KR20140034557A - Al-cu alloy having high thermal conductivity for die casting - Google Patents

Abstract

The present invention relates to an aluminum alloy for die casting which can obtain excellent thermal conductivity while simultaneously having a remarkable casting property and satisfactory mechanical characteristics, and thus can be applied to a product for various structures requiring heat dissipating characteristics. According to the present invention, the aluminum alloy for die casting comprises 0.8-2.5 wt% of copper (Cu), 0.5-1.5 wt% of magnesium (Mg), 0.5-1.0 wt% of iron (Fe), and the balance of aluminum (Al) and inevitable impurities.

Description

High Thermal Conductivity Alloy Die-Cu Alloy for Die Casting {Al-Cu ALLOY HAVING HIGH THERMAL CONDUCTIVITY FOR DIE CASTING}

BACKGROUND OF THE INVENTION 1. Field of the Invention The present invention relates to a high thermal conductivity aluminum alloy for die casting, and more particularly, to an aluminum alloy capable of obtaining excellent castability and at the same time excellent thermal conductivity.

Die casting is also called die casting.
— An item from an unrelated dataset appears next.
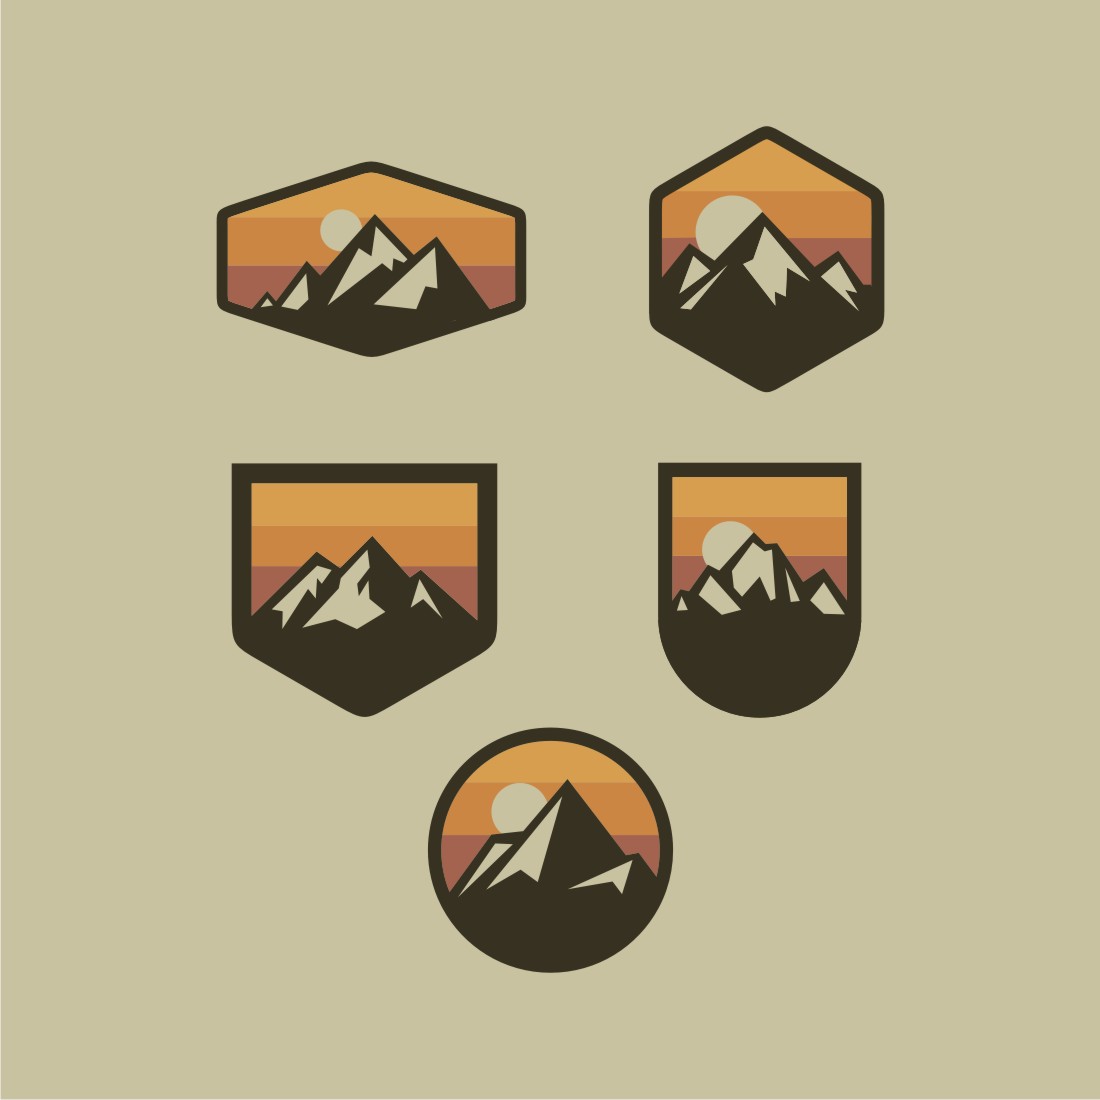 Beautiful Mountain Logo Set Cover Image.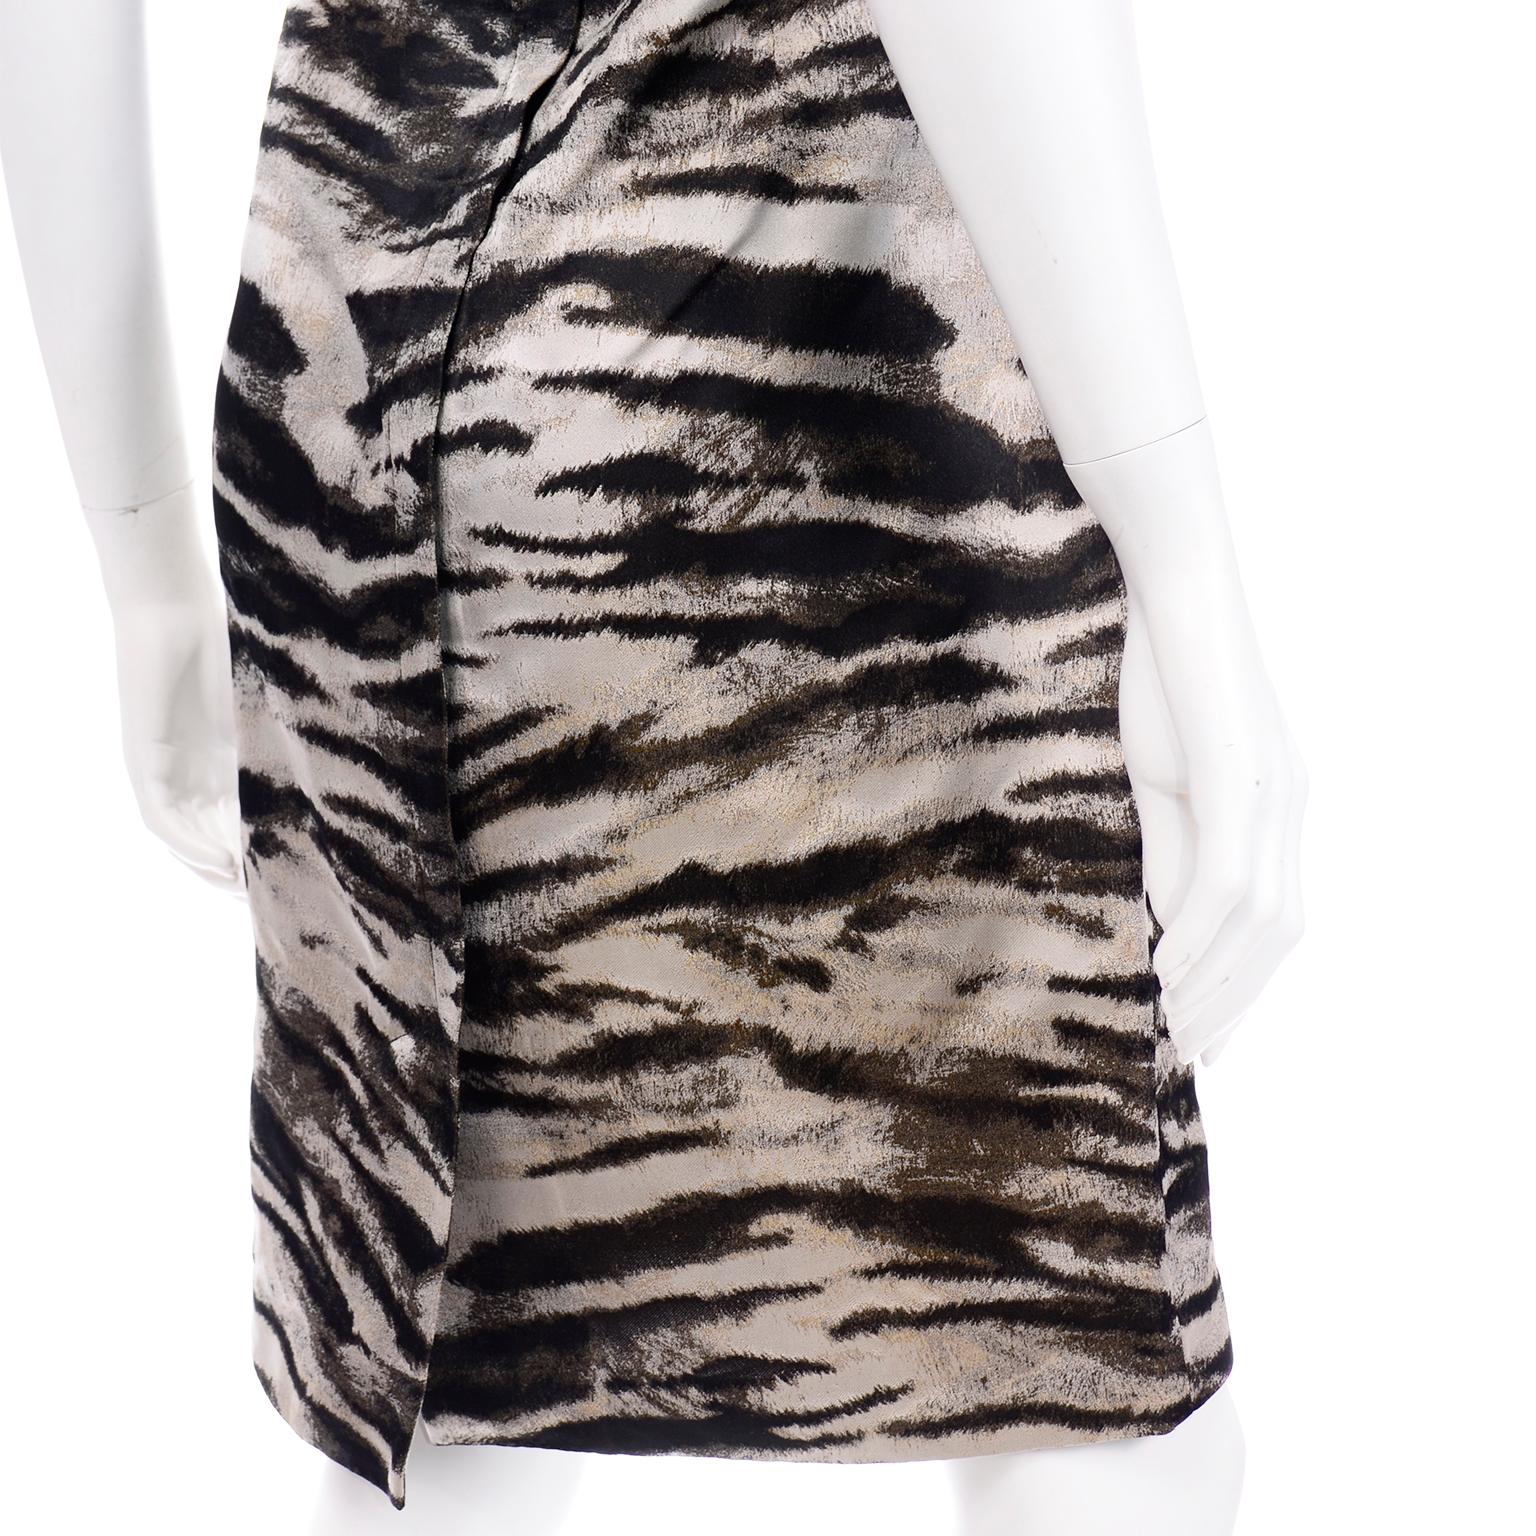 Lanvin 2013 Alber Elbaz Sleeveless Gray & Black Metallic Animal Print Dress For Sale 4

Die casting is a precision casting method in which molten metal is injected into a steel mold precisely machined to perfectly match the required casting shape, thereby obtaining the same casting as the mold. The product is called diecast casting. In addition to the advantages that die-casting castings are precisely dimensioned and hardly need to be trimmed, they are characterized by excellent mechanical properties and mass production.

The metal used in such die casting casting is generally an alloy of zinc, aluminum, tin, copper, magnesium and the like. These alloys are melted and made into a molten metal, and then they are cast through a press device such as air pressure, water pressure, And rapidly cooled and solidified.

Die casting castings produced through this process are used in various fields, particularly in automobile parts, and are widely used in the production of parts for electric devices, optical instruments, vehicles, textile machines, architectural instruments, and the like.

On the other hand, as the aluminum alloy for die casting, an Al-Si alloy and an Al-Mg alloy which are excellent in casting are mainly used. However, Al-Si alloy or Al-Mg alloy has excellent main composition but low thermal conductivity of 90 ~ 130 W / mK. Therefore, heat dissipation for electric, electronic, and automobile requiring high thermal conductivity of 160 W / mK or more The use of parts has been limited.

For heat dissipation parts requiring such a high thermal conductivity, a product made by die-casting pure aluminum with a very high thermal conductivity of 220 W / mK or more is partially used for electric and electronic products, and pure aluminum has excellent thermal conductivity However, since the tensile strength is low and the casting is poor, there is a limit to apply to structural parts requiring excellent mechanical properties along with thermal conductivity.

Accordingly, there is a great demand for the development of an aluminum alloy for die casting having excellent main composition and high thermal conductivity of 160 W / mK or more for use in heat dissipation parts for electric, electronic and automobile applications. However, until now, Al-Si-based alloys and Al-Mg-based alloys with thermal conductivity of 90 to 130 W / mK have been used as aluminum alloys for die casting, since aluminum alloys for die casting having a thermal conductivity of 160 W / mK or more have not been developed at the same time It is true.

The present invention has been made in order to solve the above problems by adding copper (Cu) as the main alloying elements and by controlling the content of magnesium (Mg) and iron (Fe), while having excellent castability and at the same time more than 160W / mK It is an object of the present invention to provide an aluminum alloy for die casting having thermal conductivity.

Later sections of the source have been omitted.